All-in-all, I enjoyed it, but I definitely think there's flaws or short-comings in stuff like the repetitive crime design, the quantity of them needed for completion at the 2nd half, and the overall pace and way of escalation. From the story-side, poorly developed substories in Sable, etc, weird sense of timing ( progression of character arcs, how fast some things felt, where it lacked depth, etc ), and there are definitely parts of the story that imo - and the devs acknowledged this, that basically rely on the osmosis of "you know this about Spider-Man, so we don't need to even bother telling it" is not well done on some parts.
There's one particular character/plot development that I'd like to give praise to though.It's not uncommon - when crafting a villain's arc to lean back to the 'good in them' as an emotional conflict factor to make them believable, sympathetic to a degree & ups the ante. The game definitely did make use of this well with villains like Mr. Negative and Norman Osborne to great effect, where the crux of their lives are at stake - Harry for Norman, his family for Li and the diary of internal struggle, among other things. Cheesy, but it works.
But the choice to not use it with one particular villain, Doc Ock , even when it feels like it'd make sense to, instead makes the scene more powerful & rending. It's so easy to see how it could've been a Spider-Man 2 Movie situation, where upon the neuro-link being removed and Otto not realising ( hypthothetically ) that Spidey was Peter, they could've easily pulled for an emotional cheap shot where Otto was a guy who was just amplified of his evil by his machine and in the last moment, accept his defeat gracefully to Pete.
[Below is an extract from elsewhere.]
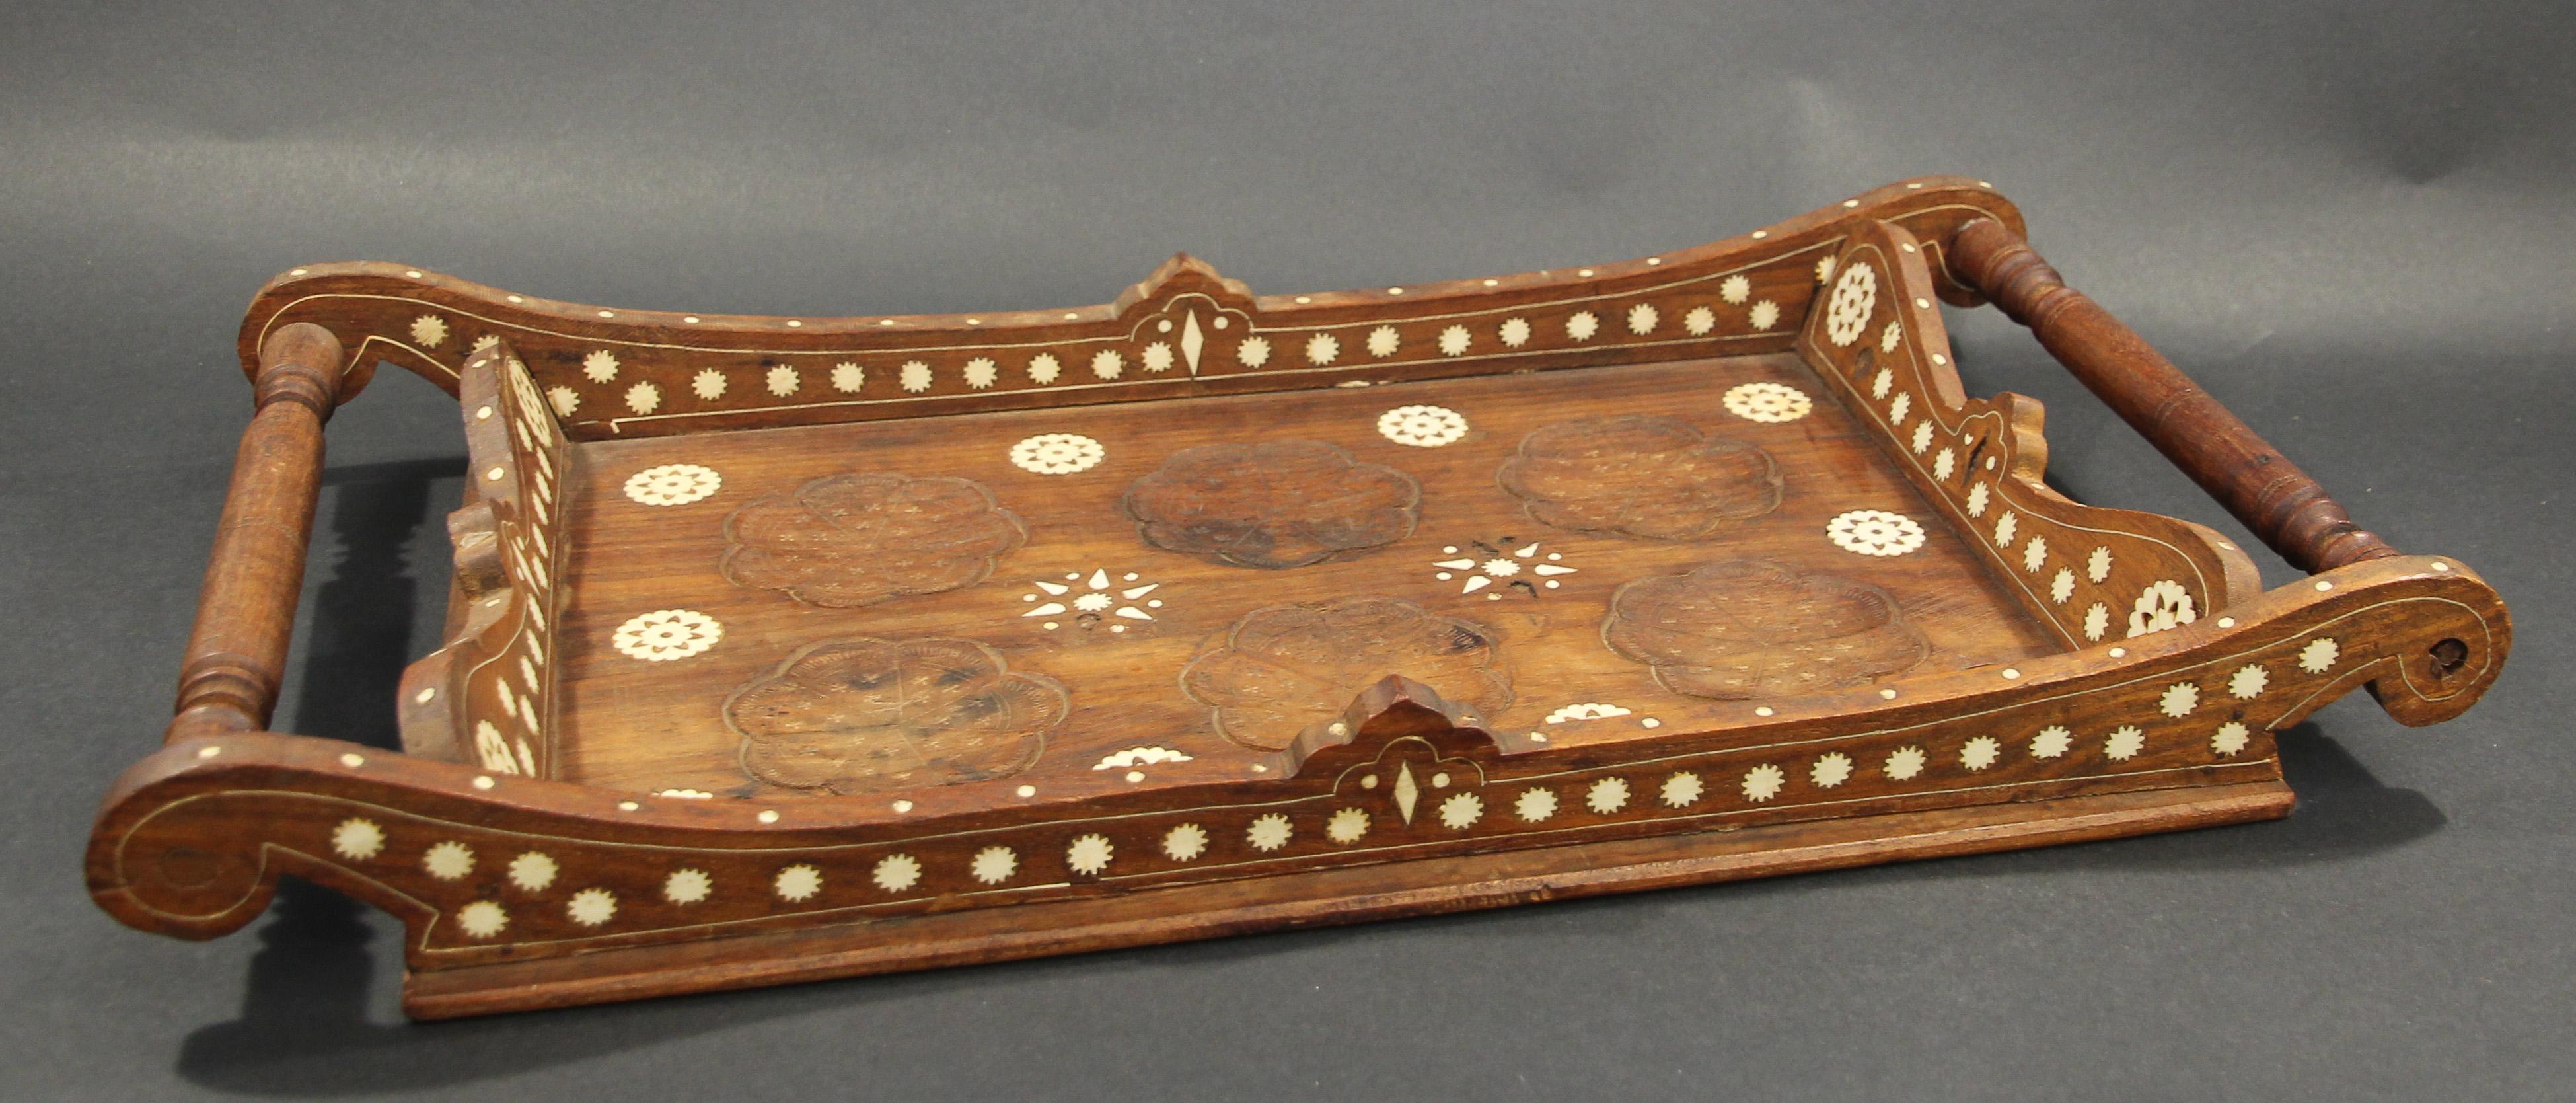 Vintage Large Teak Wood with Bone inlay Made in India 1

But nope. The fact that we got a reveal that Otto knew all along, the fact that the progression of the story path imo - paints Otto as someone who was more selfish in his agenda of building prosthetic ( for himself ) and how the seeds of Otto planning all the devious plans were already there immediately after Norman came and wreck shop - meant that the hopes that there was more of the "good Otto" than "Doc Ock" that Pete wished was dashed. And the fact that there was practically zero remorse and a genuine attempt to pin the blame on the neuro-tech plot device at the end when Otto tried to weasel his way out and blackmail Peter, meant that the scene was doubly heartbreaking for Peter.
It's one time where going 'full-evil' ( kind of ) worked in the story's favour.